### RECORDS FOR THIS EXERCISE
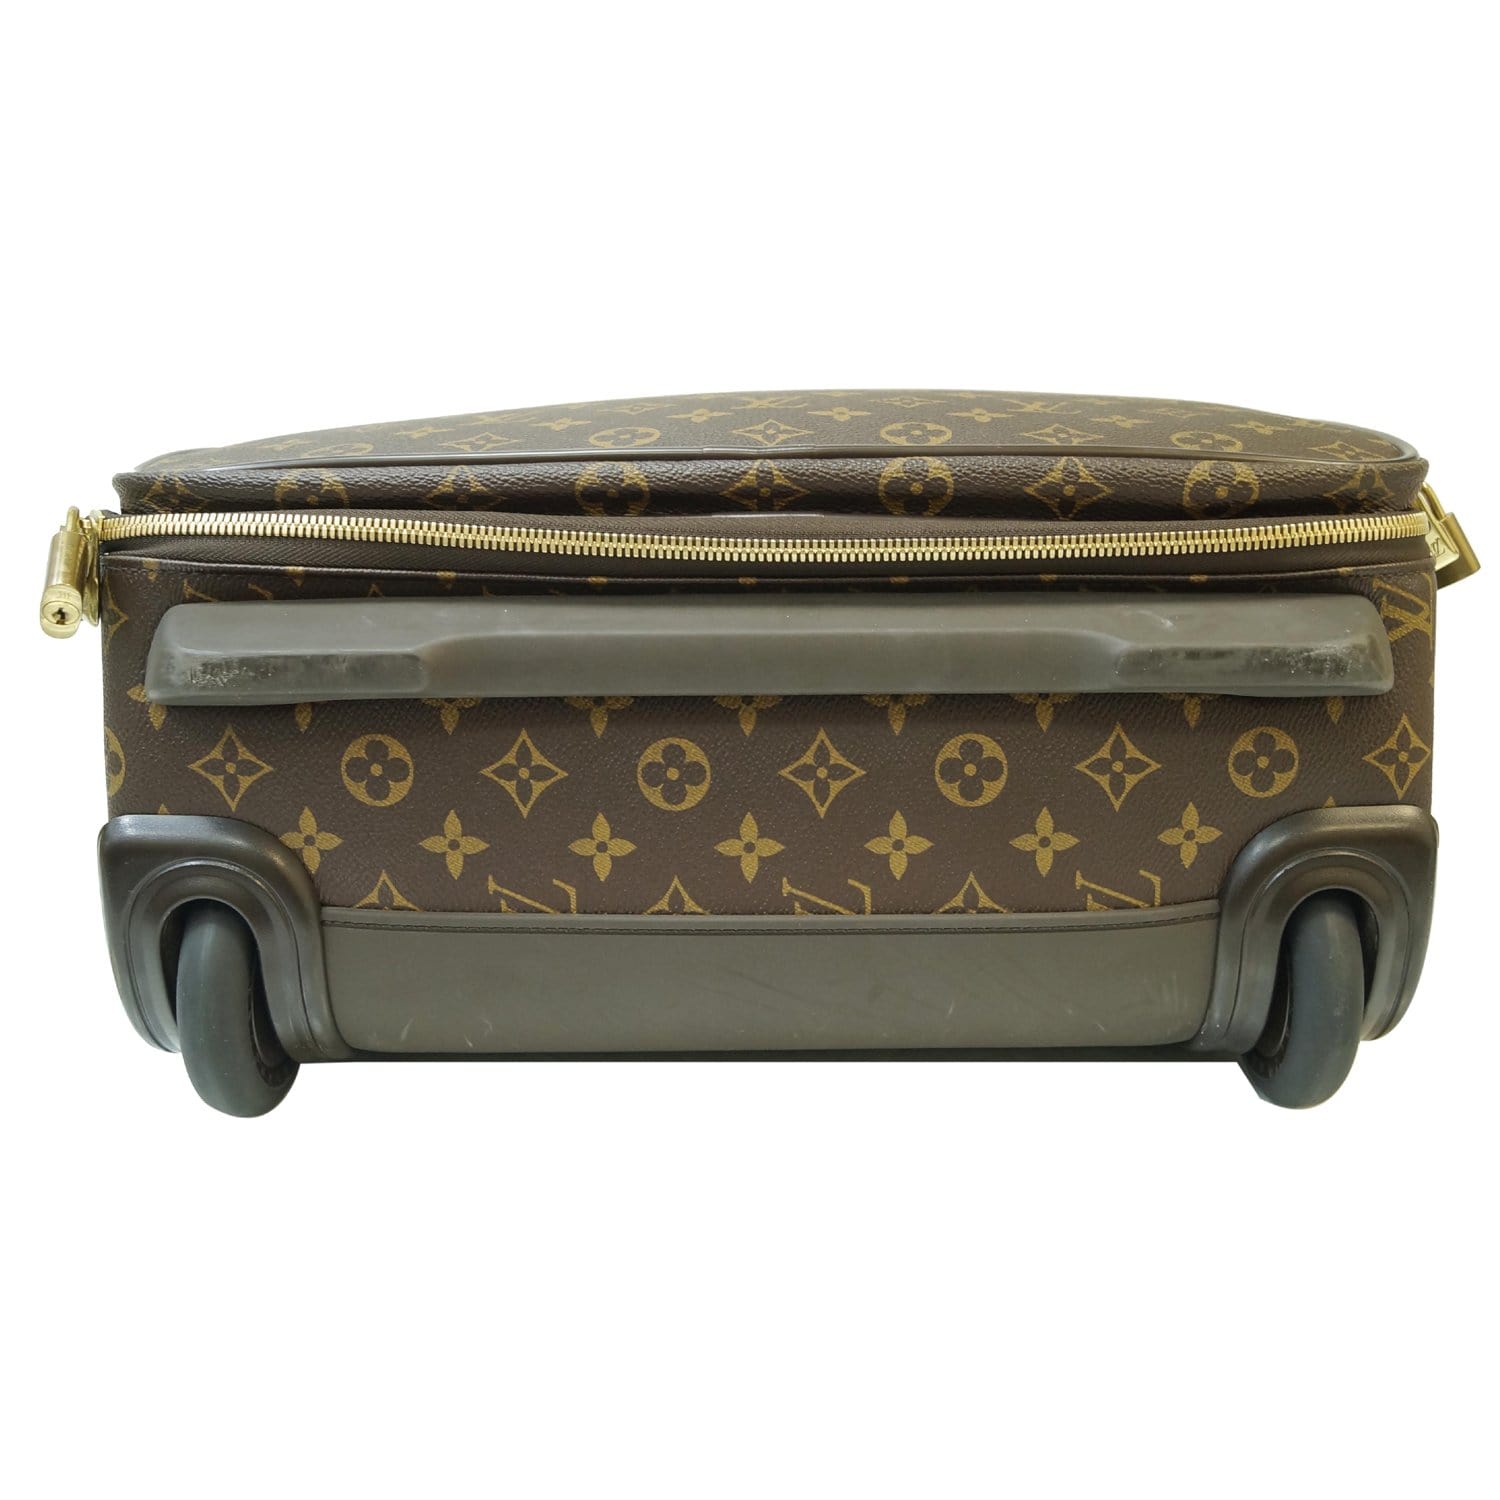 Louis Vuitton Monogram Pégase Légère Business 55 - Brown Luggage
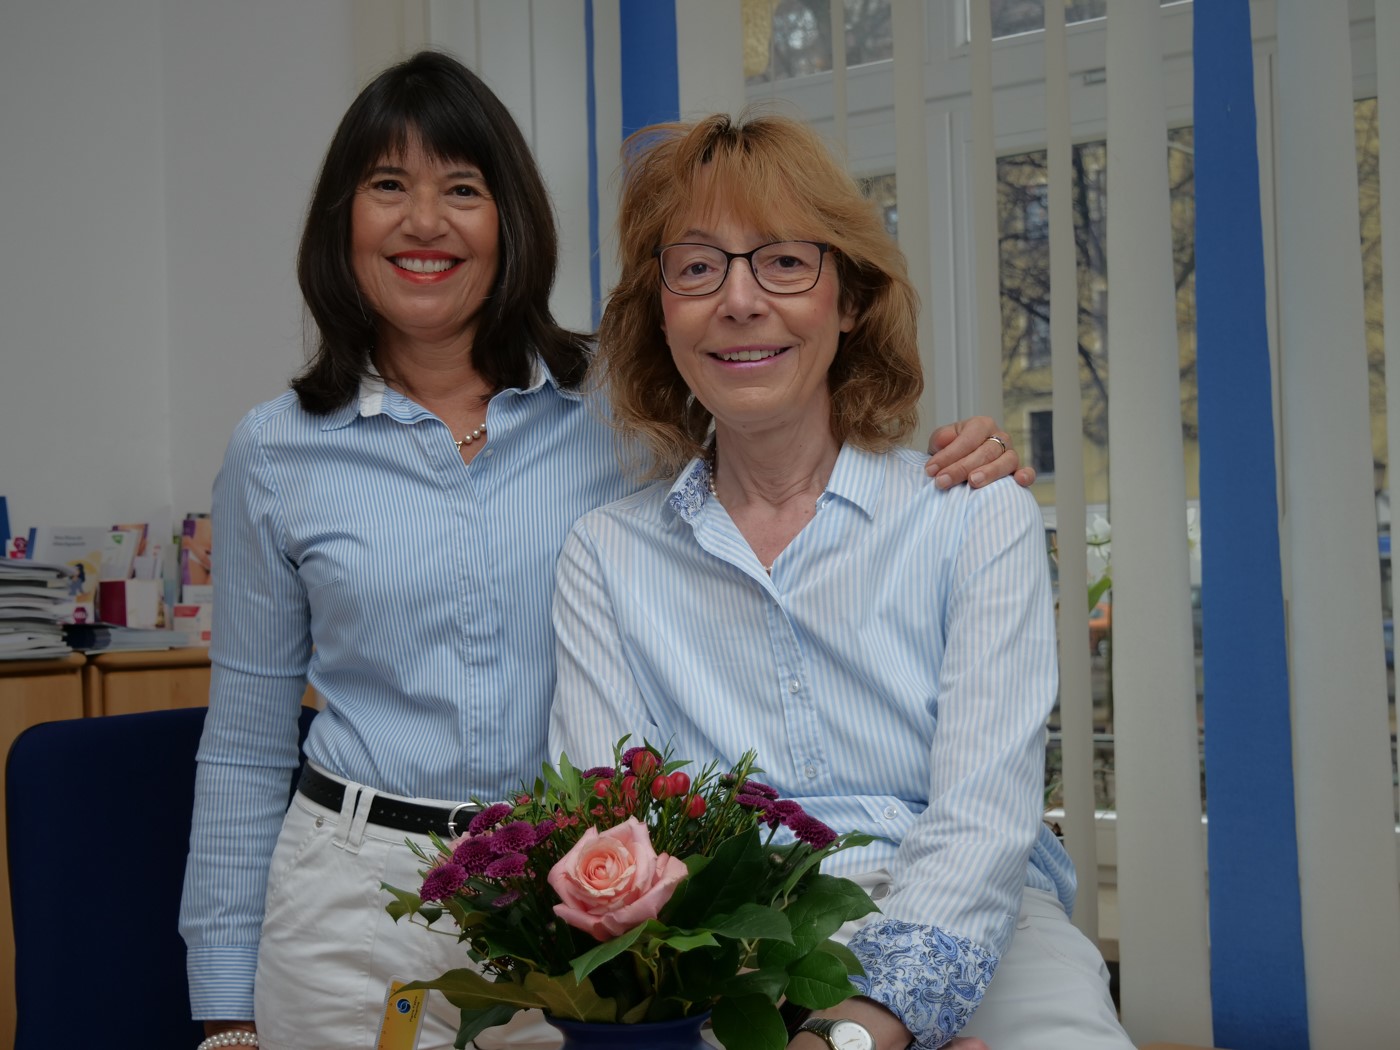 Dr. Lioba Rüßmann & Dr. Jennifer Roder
--
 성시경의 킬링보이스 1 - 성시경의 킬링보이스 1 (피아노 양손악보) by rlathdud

### TASK TO CARRY OUT
Taking the entries above, copy word for word the lines from the one with "Louis Vuitton Monogram" up to and including the one with "Dr. Lioba Rüßmann & Dr. Jennifer Roder", without any picture.

### REPLY
 Louis Vuitton Monogram Pégase Légère Business 55 - Brown Luggage
 Dr. Lioba Rüßmann & Dr. Jennifer Roder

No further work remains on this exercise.